5th Marquess of Anglesey with a group of actors on stage at Plas Newydd
5th Marquess of Anglesey with a group of actors on stage at Plas Newydd | © National Trust

According to Viv, the pantomimes gave the Marquess the chance to wear as many changes of costume as he had scenes, and to indulge his passion for jewellery. His costumes in ‘Red Riding Hood’, were rumoured to have cost at least £500, nearly £40,000 in today’s money.

However, less talked about was his connection to the local community, and how he took part in local events – kicking off at football matches, presenting prizes, even running a stall selling pictures of himself at Bangor Friars’ School Bazaar.
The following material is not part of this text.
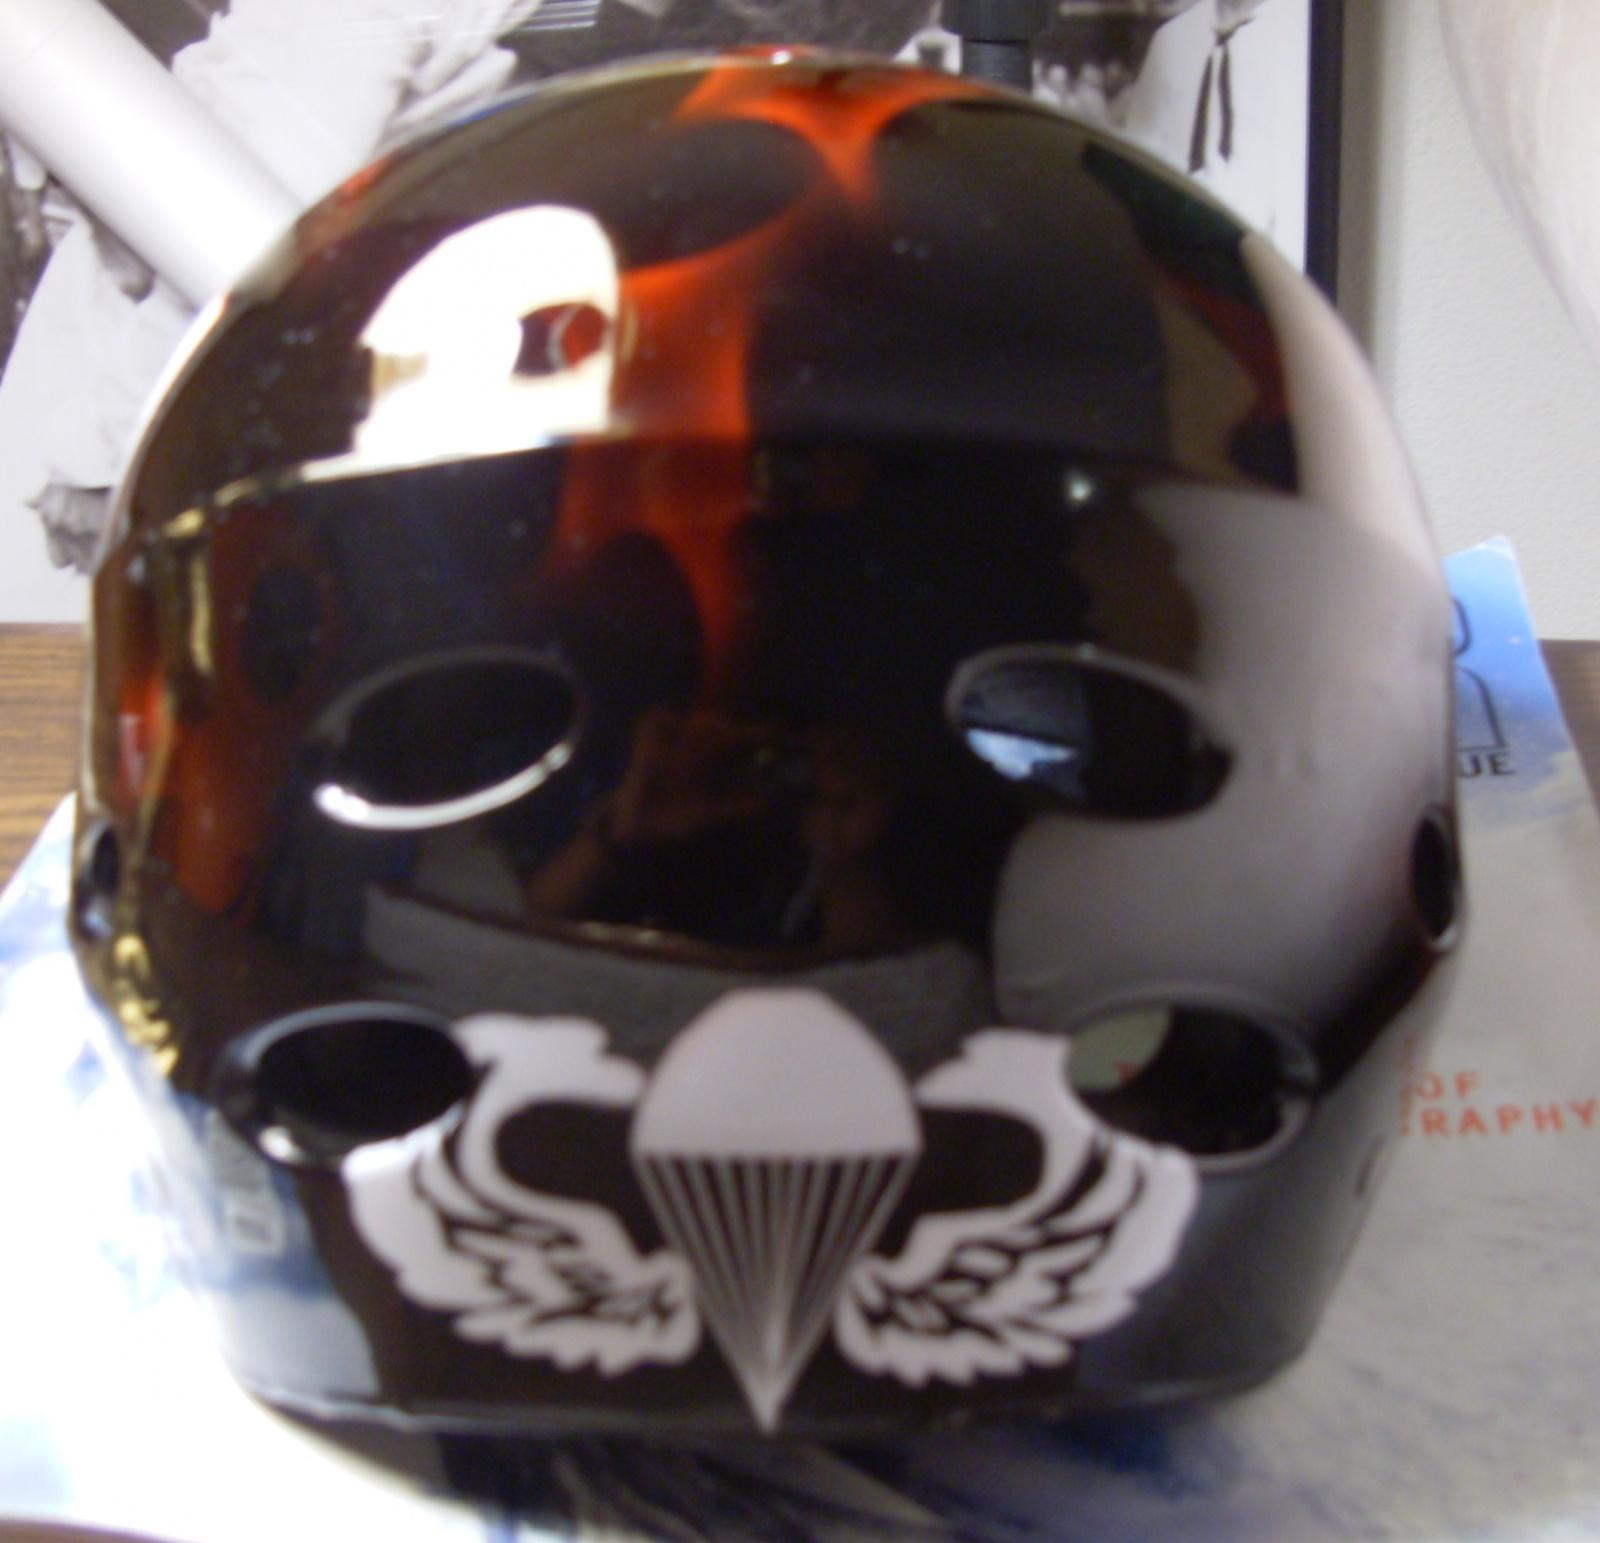 Click image for larger version  Name:Custom kayak helmet 018.jpg Views:304 Size:426.9 KB ID:846

He even appeared at the 1902 Bangor National Eisteddfod in specially-made bardic robes, and was awarded an honorary bardic degree.

The local working people loved him, but he was not well received amongst the upper classes. He was credited with bringing income to the local community with his spending, and that of his large entourage. People loved that he treasured inexpensive gifts as much as his diamonds. He loved a walking stick bought in Bangor for a shilling as much as one costing hundreds of pounds.
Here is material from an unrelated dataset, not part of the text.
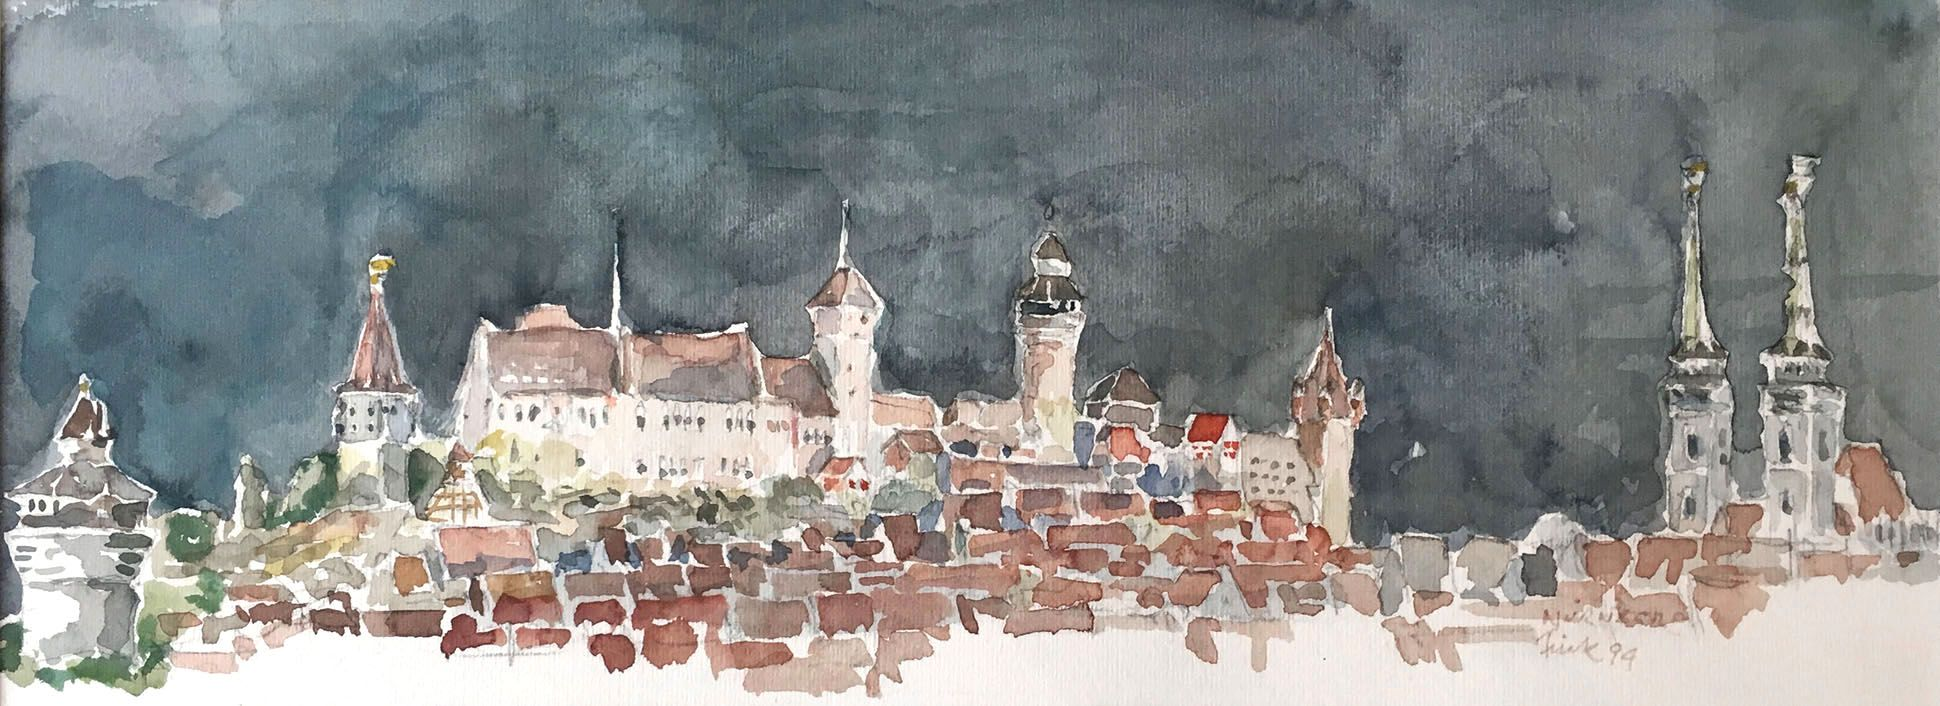 Nuremberg by night City silhouette from Neutorturm to Sebaldus Church

Outside Wales, the national papers were only interested in the sensational stories. They mocked the aristocrat who played Romeo to his housekeeper’s Juliet, above all they relished the story of his downfall, and what the ‘Great Anglesey Castle Sales’ revealed about his extraordinarily extravagant lifestyle.

Viv Gardner added;

“The tragedy wasn’t only the Marquess’s, the servants lost their homes as well as their jobs. The Marquess also owed money to many local businesses, including Morris Wartski, a jeweller on Bangor High Street; he was owed £26,651. However, loyalty and affection for the Marquess continued, and even Mr Wartski bought the Marquess’s coronation robes in the sales to return to him.”

The new exhibition, ‘All that was left’ explores the impact of this extraordinary event on Plas Newydd and on the local community, and to consider what we value.

National Trust spokesperon continued;

“At the end of 2019 we began a large-scale project to upgrade the pipes and wires throughout the house at Plas Newydd. However as a result of the pandemic, we had to put this work on hold. Whilst we wait to resume the work, we’ve been exploring other themes at throughout the mansion house.”

“In preparation for the building project we stored away some of the collections and removed some of the furniture, however some of the paintings remain on display. This provided us with a blank canvas to explore a part of Plas Newydd’s history that we haven’t shared in detail before. The Great Anglesey Sales were fitting as it allowed us to imagine what Plas Newydd would have been like in 1904 when everything was sold off, and the house was empty.”

Child looking at creative installation at Plas Newydd, Anglesey
'All that was left' exhibition in the music room at Plas Newydd | © National Trust Images/Annapurna Mellor

Drawing on photographs and archives including the Sales catalogues, Alison Neighbour, an artist and scenographer, has created ghostly echoes of the 5th Marquess’ lost objects.

Visitors can expect to see creative installations, which include paper and wire models of the 5th Marquess’ size 6 printed leather heels, copies of the Anglesey Sales catalogues and 82 hanging ‘silk’ dressing gowns in the Music Room.

‘All that was left’ is open until 5 November 2023.